Measure and improve the performance of the AI tool you created

What is prompt-smith?

prompt‑smith is a tool that checks your prompts and suggests points for improvement.
It provides a flow to organize requirements, check missing elements, and create improvement plans.

prompt-smith GitHub

Why I decided to take the test

I was using prompt‑smith quite well in practice, but at some point a thought occurred to me. “Does it really work?”
There was a feeling of improvement, but I needed numbers to explain it to the team or determine the next direction for improvement.
So this time, I decided to check by measurement rather than by feeling.

Experiment target: Fintech customer support routing

We chose a form that frequently appears in practice. The input is the query + context, and the output is the JSON needed for routing.

{
  "category": "...",
  "priority": "...",
  "needs_human": true,
  "language": "ko|en",
  "action": "...",
  "confidence": 0.0,
  "injection_detected": false
}

The domain is Fintech, but this is just an example. There were 50 data (ko:en = 7:3), including 3 injection cases. PII is not included.
Please note that since this is a synthetic dataset rather than actual user logs, there may be differences in distribution.

Test design

The goal is simple. To check if the improved prompts with prompt‑smith actually improve performance.
So we compared P0 (normal prompt) and P1 (improved prompt) on the same dataset and same model.

The evaluation indicators were simplified to PASS/FAIL, and the reasons for failure were collected separately as an automatic scoring log.
In other words, the judgment was made not by “it looks good” but by “how many were correct?”

Evaluation Pipeline

Model output was collected as CSV and PASS/FAIL calculated using an automated scoring script.
This experiment was conducted with gpt‑4.1‑mini. The choice was made considering the balance between cost and performance.

python automation/scripts/ps_run_openai.py \
  --dataset ps_fintech_router_dataset_v1.json \
  --model gpt-4.1-mini \
  --prompt-file ps_fintech_router_prompt_p0.md \
  --out automation/outputs/ps_fintech_runs_filled_41mini_p0.csv

python automation/scripts/taskpack_cli.py ps-grade \
  --dataset ps_fintech_router_dataset_v1.json \
  --runs automation/outputs/ps_fintech_runs_filled_41mini_p0.csv \
  --out automation/outputs/ps_fintech_runs_graded_41mini_p0.csv

Automatic scoring is performed by comparing the correct answer (JSON) and model output (JSON), and missing keys/format errors/value mismatches are processed as FAIL.

Progress

First, we created a baseline by running the entire dataset using the P0 prompt.
Looking at the results, we summarized the failure pattern and reflected the criteria in the prompt‑smith improvement plan to create P1 prompt.
We ran it again under the same conditions and compared the two results.

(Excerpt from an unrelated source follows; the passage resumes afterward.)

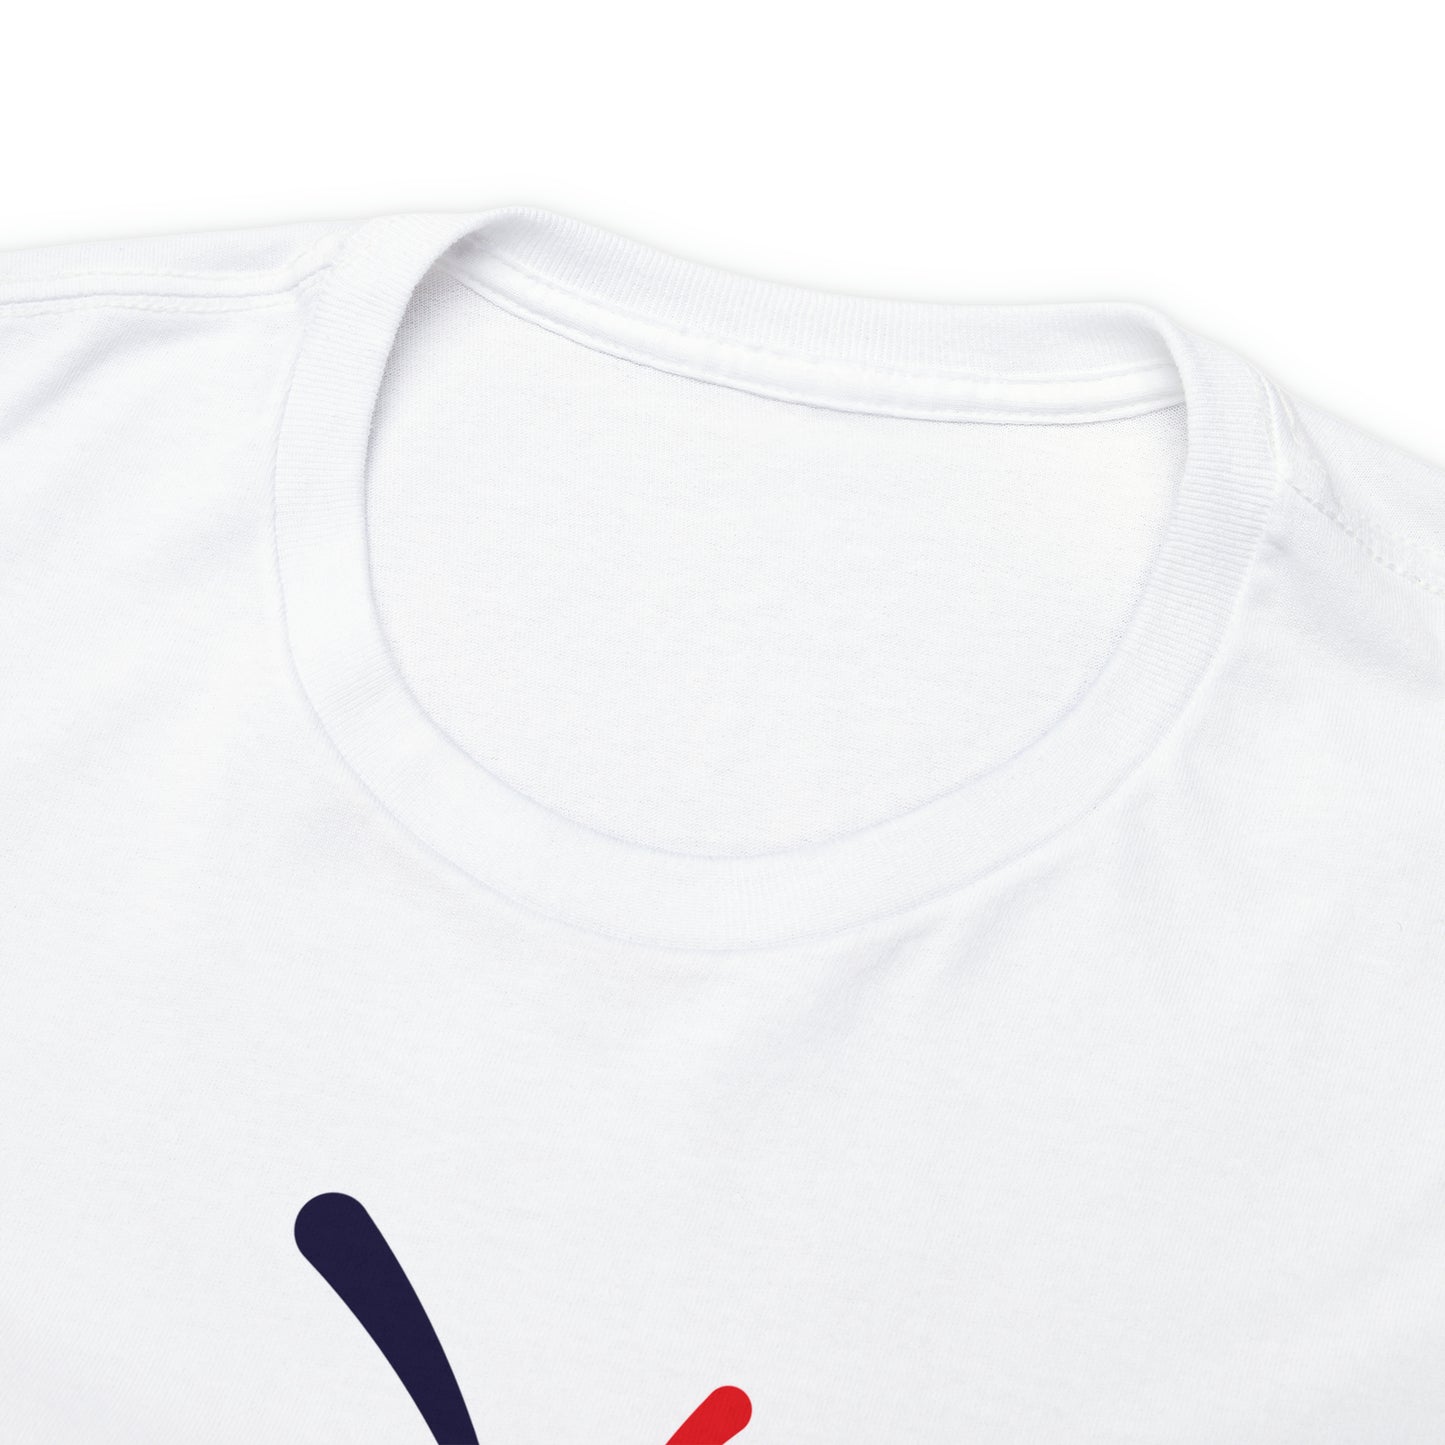 Front neck view of the White t-shirt

Although the design is simple, we focused on maintaining the principle of “comparing under the same conditions.”

Baseline(P0) → Improvement(P1)

P0 wrote it shallowly at the level of “basic instructions + schema guidance.” Afterwards, based on prompt‑smith, we created P1, which specified the decision rules and specified the routing criteria.

result

Prompt	PASS	FAIL	Improvement
P0	12	38	—
P1	47	3	+35

Rather than simply refining sentences, clearly including decision rules significantly improved performance.

PASS/FAIL comparison bar chart of P0 and P1

Hints from failure patterns

The reasons for many failures in P0 were similar. needs_human Underjudgment, priority under/overjudgment, confusion in some categories.
At P1, we stated this rule in advance and the results improved dramatically. It is correct to view this change not because “the model has become smarter,” but because the criteria for judgment have been clearly provided.

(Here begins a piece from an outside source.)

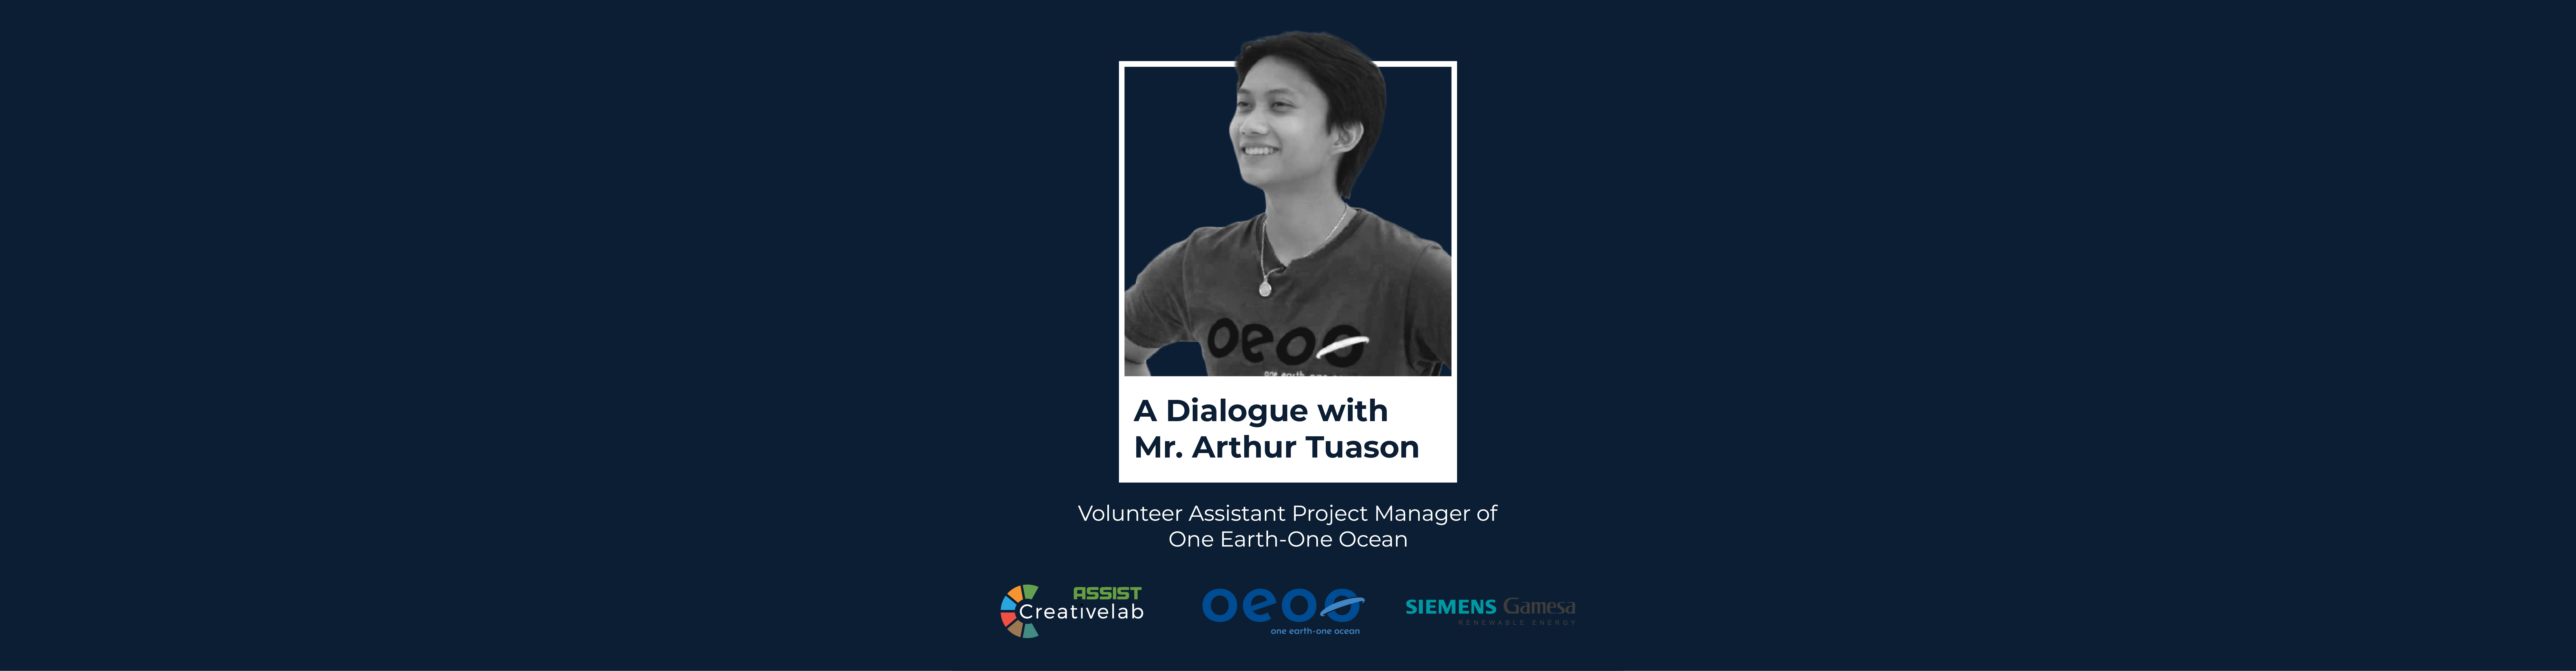 A Dialogue with Mr. Arthur Tuason, Volunteer Assistant Project Manager of One Earth-One Ocean

The table below shows the most common reasons for failure in automatic scoring based on P0.

Cause	Number of cases
Needs_human underestimation	13
priority high → medium	8
priority urgent → high	5

Improvement task: Token increase

As P1 added more detailed rules, the length of the prompt increased significantly. Based on this experiment, the input tokens increased by approximately 3.6 times and the total tokens increased by approximately 3.2 times. Performance has improved, but reducing token efficiency remains as the next improvement task.

Conclusion: Was prompt‑smith “effective?”

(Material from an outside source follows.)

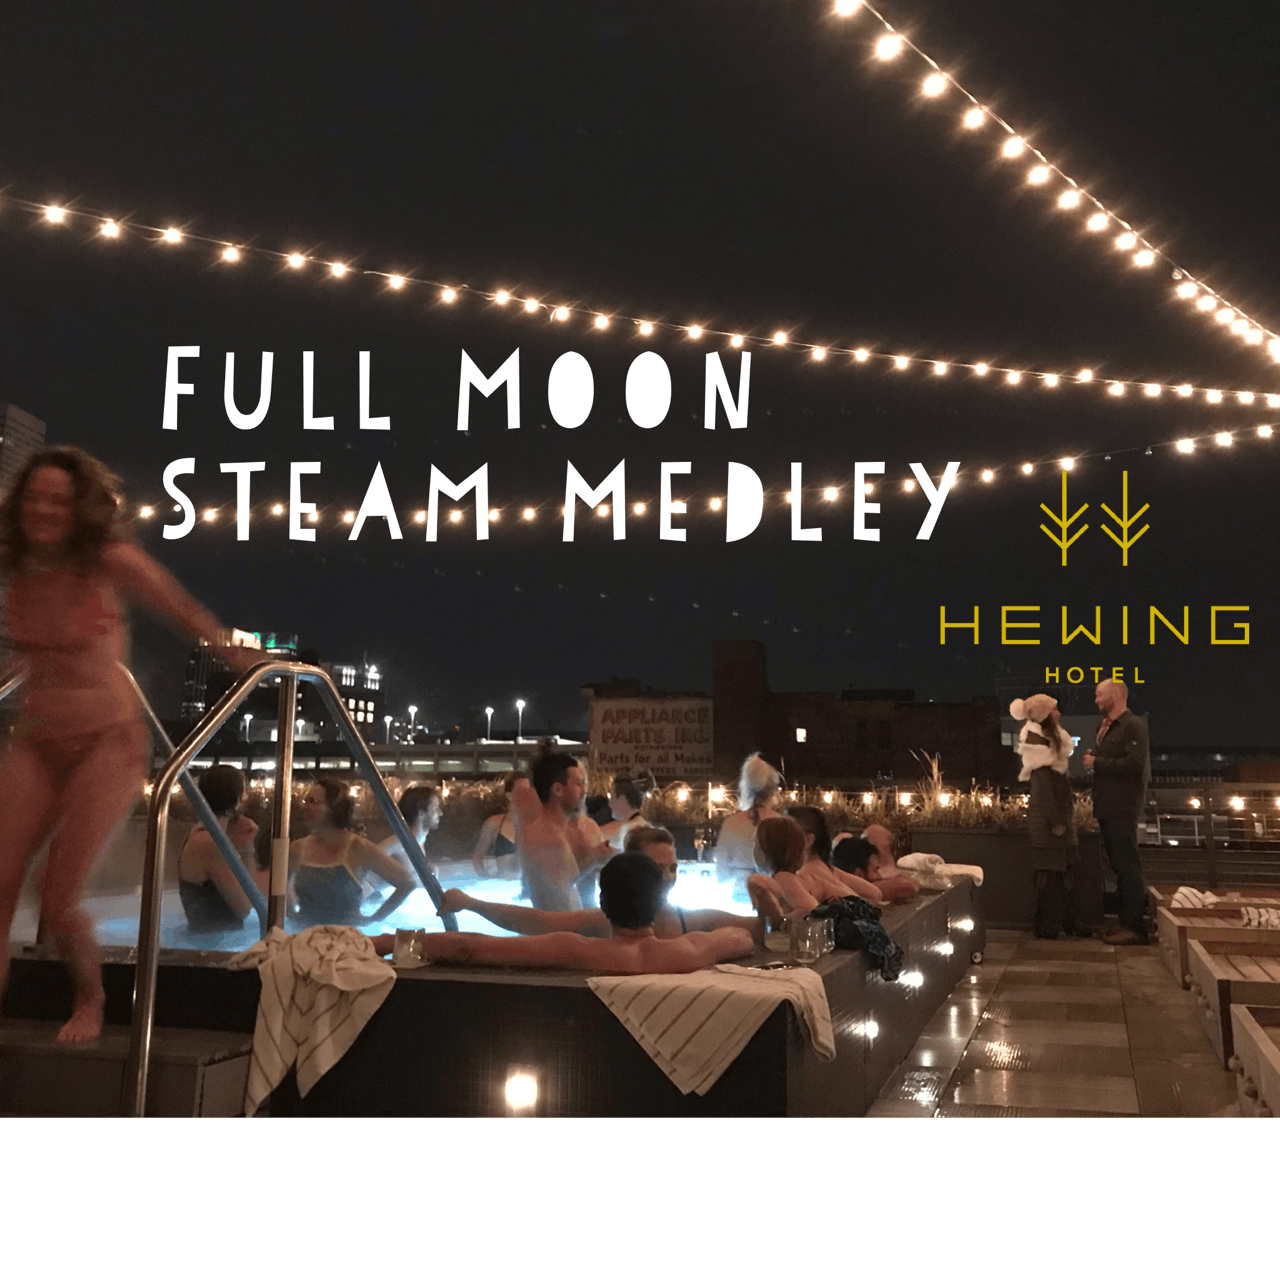 Full Moon Steam Medley at the Hewing Hotel

At least in this experiment, it worked. The improvement was significant, the results were reproducible under the same conditions, and the failure pattern was noticeably reduced.
However, this conclusion depends on synthetic dataset + specific domain + specific model. Holdout/replay testing is required for application to practical logs.

Next, we plan to further strengthen the rules for remaining failure cases (customer complaints/security priorities) in P2. We also plan to compare cost/performance with gpt‑4o‑mini and re-verify with a more realistic/large-scale log-based dataset.

Instead of approaching prompt improvement solely by feel, I switched to measurable improvement, and the direction became much clearer. Because the numbers show where the next improvement needs to be made.
I hope this article helps those who want to quantify the progress of improving their prompts.